AI and crypto integration is going to happen whether you want it or not

As artificial intelligence continues to grow to new heights of popularity, industry players are considering new ways the technology could integrate with crypto and blockchains.

During Coinbase’s State of Crypto Summit on Thursday, venture capitalists and AI experts shared their thoughts on the similarities and differences between the industries and how investors, builders and users can capitalize on it.

Digital ownership

One of the crypto spaces’ ethos is the idea of owning your assets, data and identity, as opposed to giving it away to sites like Facebook and Instagram. But the need for owning your own data is applicable not just in the web3 space, but in AI, too, said Fred Wilson, co-founder of Union Square Ventures.

In the future, users who employ AI tools are going to want to control their own data and determine what models can and can’t train themselves with their information. “Users are going to need agency over data and increasingly the way they want it [shared across] assets,” he said.

That issue with data in AI applications could be a fit for blockchain technologies that are already built to support data privacy, transparency and auditability throughout the ecosystem, Chris Meserole, director of artificial intelligence and emerging technology initiative at The Brookings Institute, said.

Blockchains can verify information provided by users, but those users could retain control over it and determine how it’s used. Blockchains are also publicly available, making them transparent and smart contracts are auditable and open for anyone to see. For companies concerned about data leaks into AI models, this could be a more attractive option.

This could be applied to areas like healthcare and financial information because people have a lot of concern about their data being used. So crypto could potentially provide value and give “people the confidence in being able to transact with AI,” without giving away personal details directly, Wilson said.

The nature of technology is constantly changing, and in order to keep up with the evolution, there needs to be smarter ways to innovate. While some are arguably hesitant of the crypto or AI industry — or both — there’s potential for the two industries to band together and gain more adoption through thoughtful use cases that revamp the way our data is used and stored.

A growing relationship

In the past, the web3 and AI industries each independently enjoyed “hype cycles” that built up attention and capital that later dispersed.
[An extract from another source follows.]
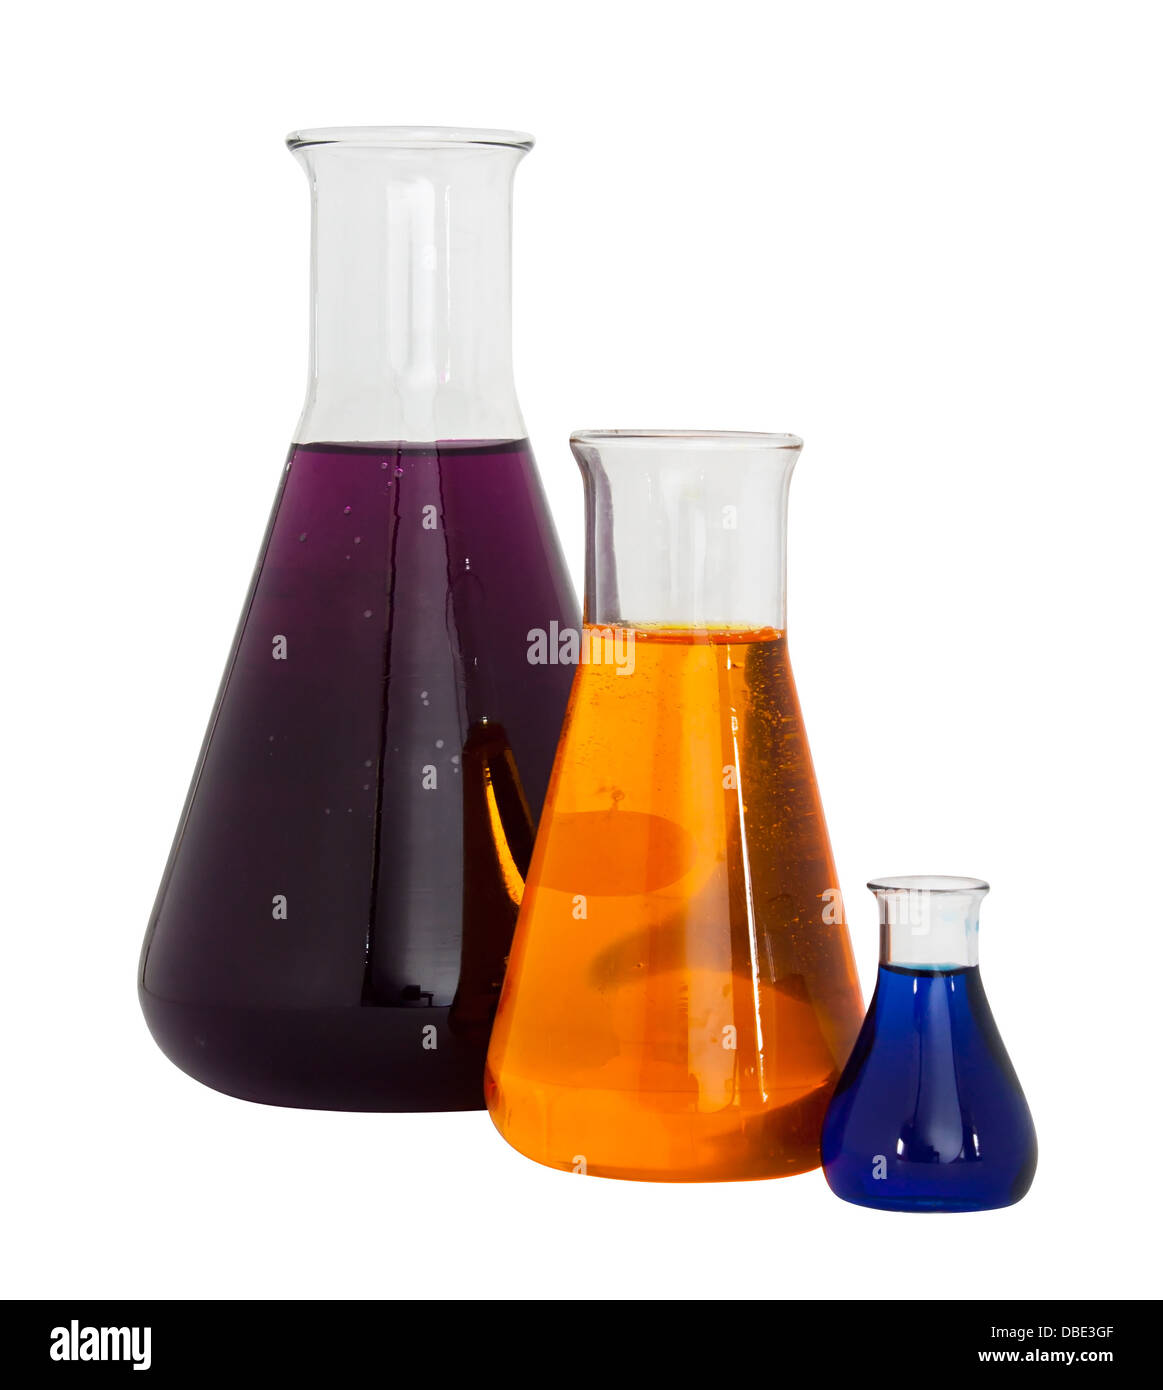 Three conical flasks filled with colored solutions isolated against a white background Stock Photo
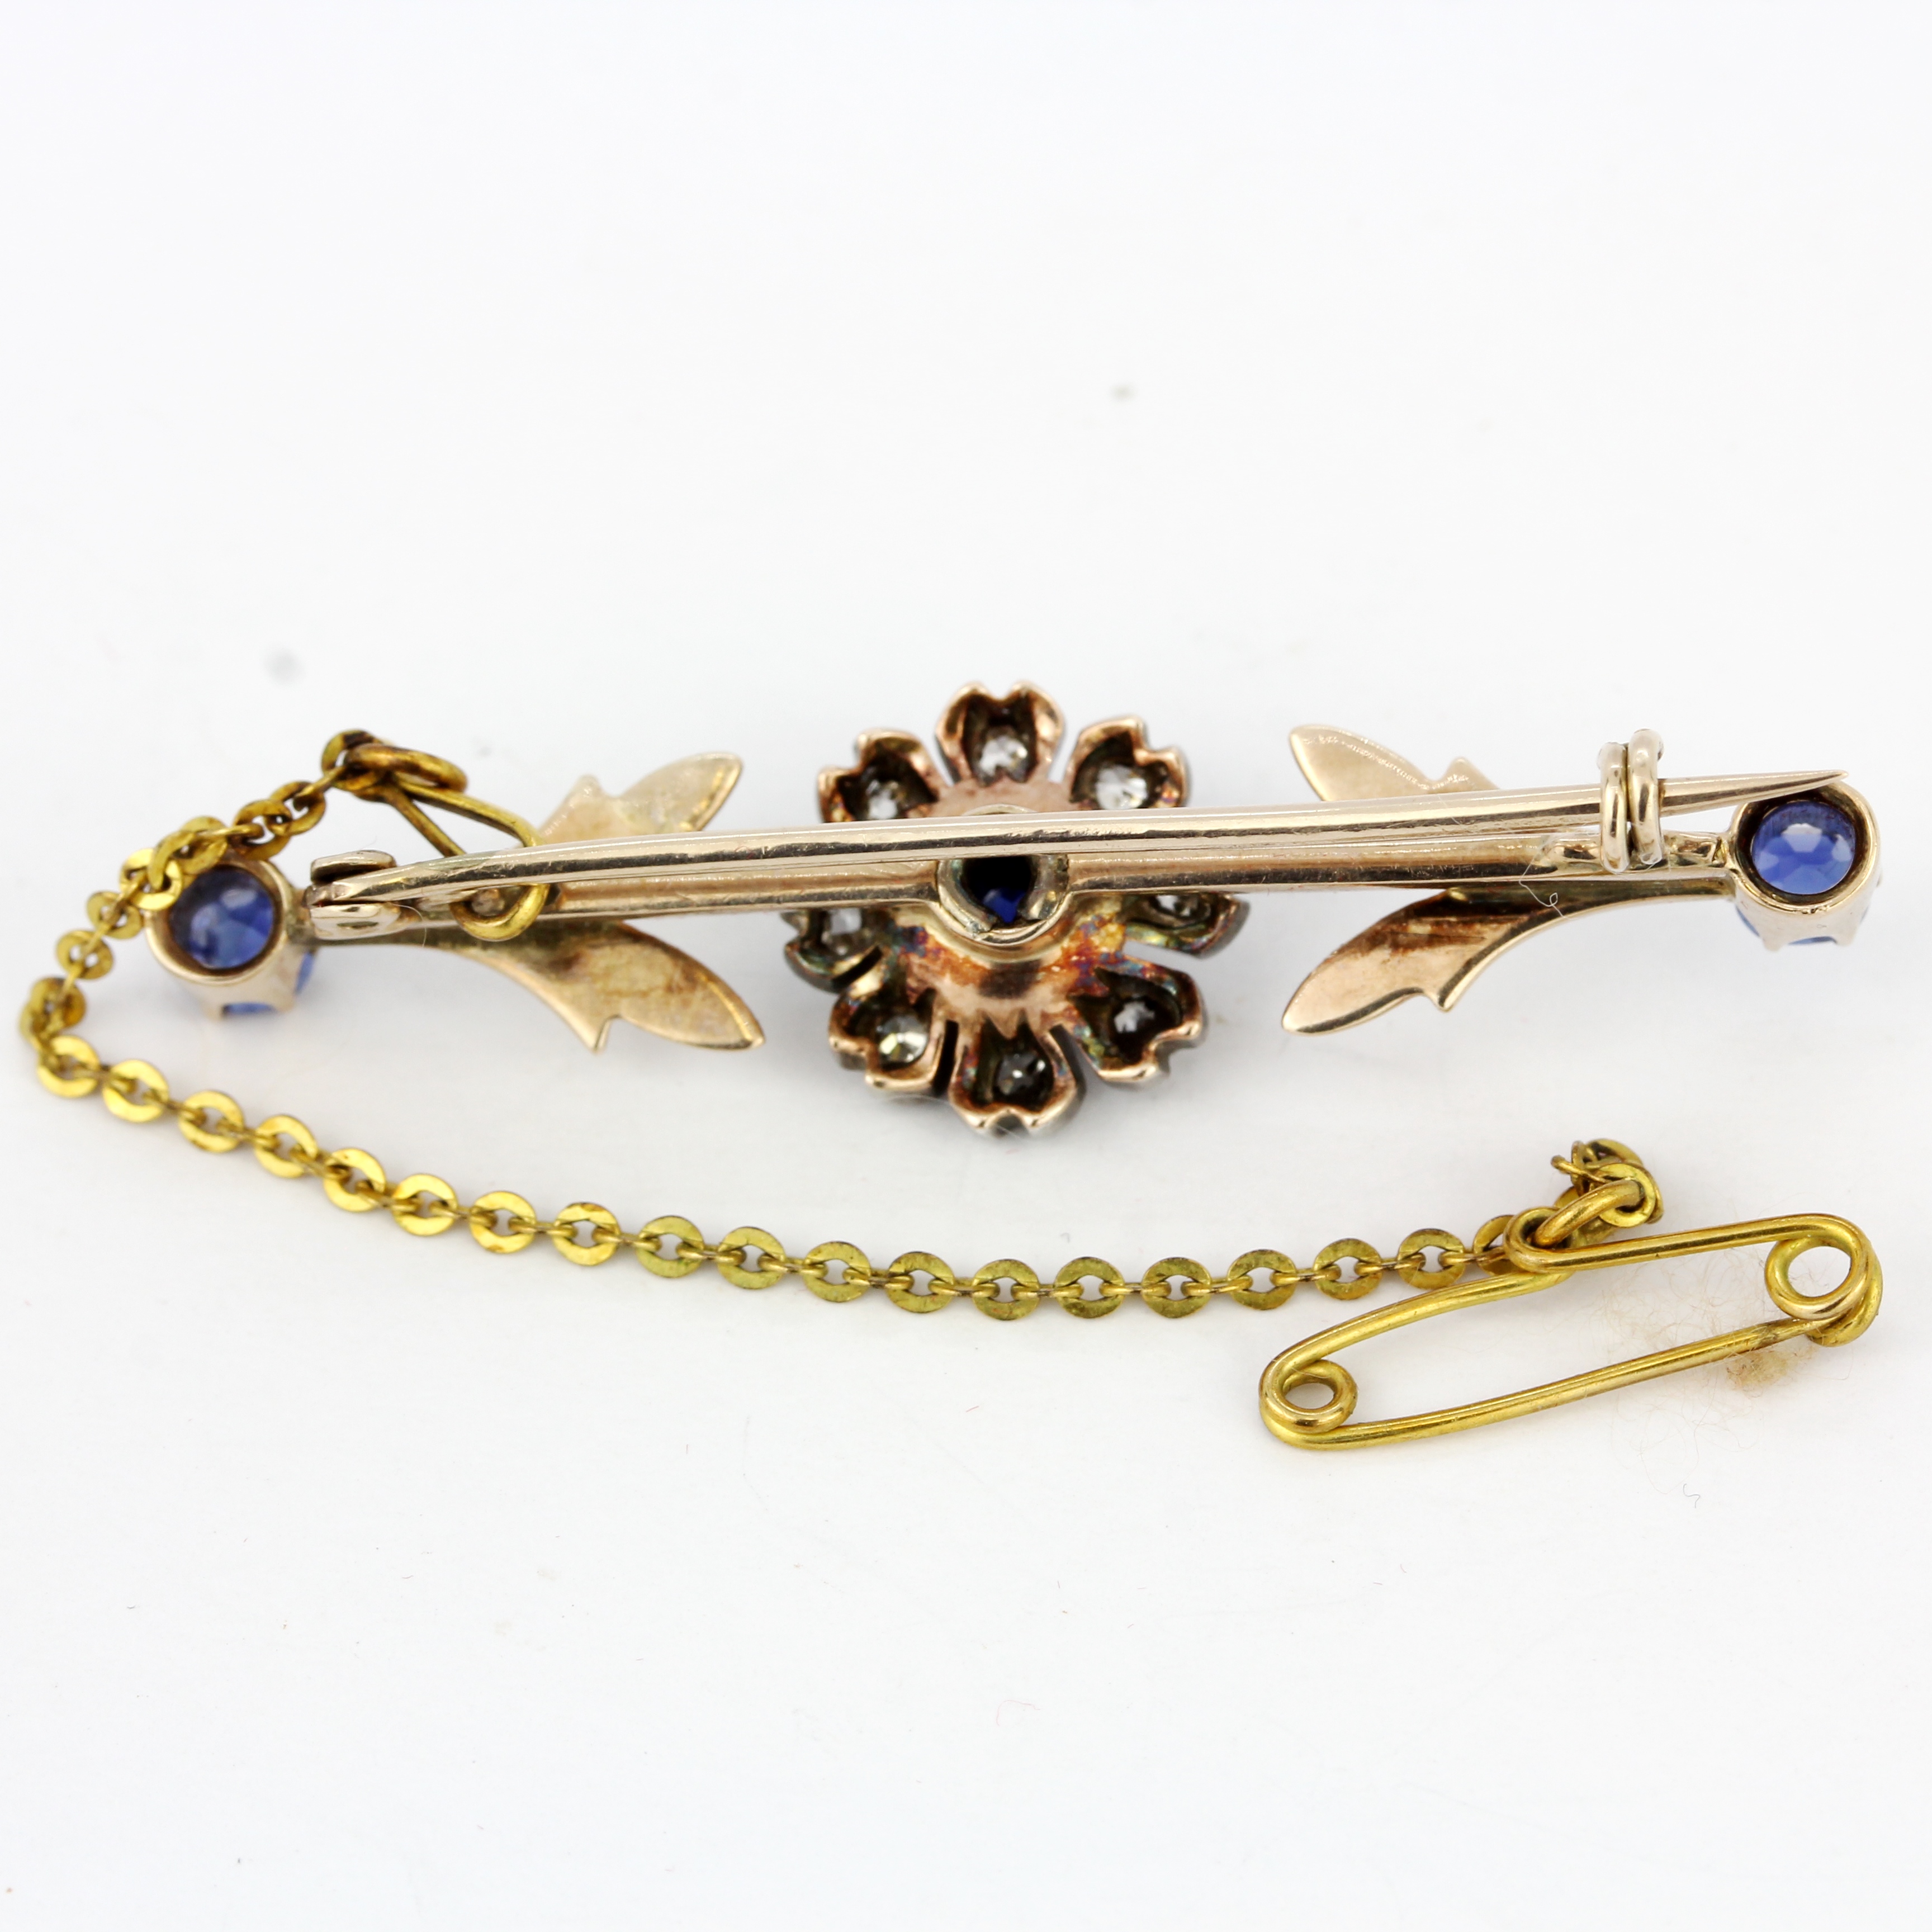 A rose metal (tested minimum 9ct gold) brooch set with sapphires and diamonds, L. 4.5cm. - Image 3 of 4

Now we’re in a “full AI hype cycle” and in a “bear market, downturn [and] disappointment phase for web3,” Wilson said.

But as the industries see alternating cycles, there’s an intersection where the two meet — and the panelists said they think that the overlap is only growing over time. “Web3 sector has a bit of a bad name with a lot of people because we haven’t built stuff that changes their mind,” Wilson said.

And it’s a fair critique, as many mainstream audiences have yet to see value in web3 products and services. Some have become crypto enthusiasts buying cryptocurrencies like bitcoin and ether, while others saw value in buying digital collectibles. But overall, the industry has largely failed at bringing mainstream use cases to life, Wilson said.

“AI has gone through hype cycles and didn’t work and didn’t work and has now graduated to the point it’s built in so many applications people have accepted it and that’s what web3 needs to do,” Wilson said. “I personally think [that turning point] will happen with web3 in the next five to 10 years and be in the water everywhere.”

The “tremendous opportunity”

But even if AI has managed to skate ahead of web3 when it comes to mass-adoption and consumer enthusiasm, the two technologies are running straight into one another, at least in the minds of the panelists assembled.

A lot of innovation on the AI side is going to be “intimately related to crypto and vice versa,” Meserole said. “There’s tremendous opportunity out there for the application side and policy side. [But] we should be levelheaded about where AI and crypto is and know it will come back in a short order.”

Some blockchains, like Solana, have integrated ChatGPT plug-ins with their network to help users interact with their chains. The Solana Foundation also launched an AI accelerator program and upped its AI-focused grant program for projects from $1 million in late April to $10 million in late May.

“Those two technologies are going to increasingly intertwine and intersect with each other,” said Chris Lehane, chief strategy officer at crypto-focused firm Haun Ventures. “It’s critical we think strategically about their relationship.”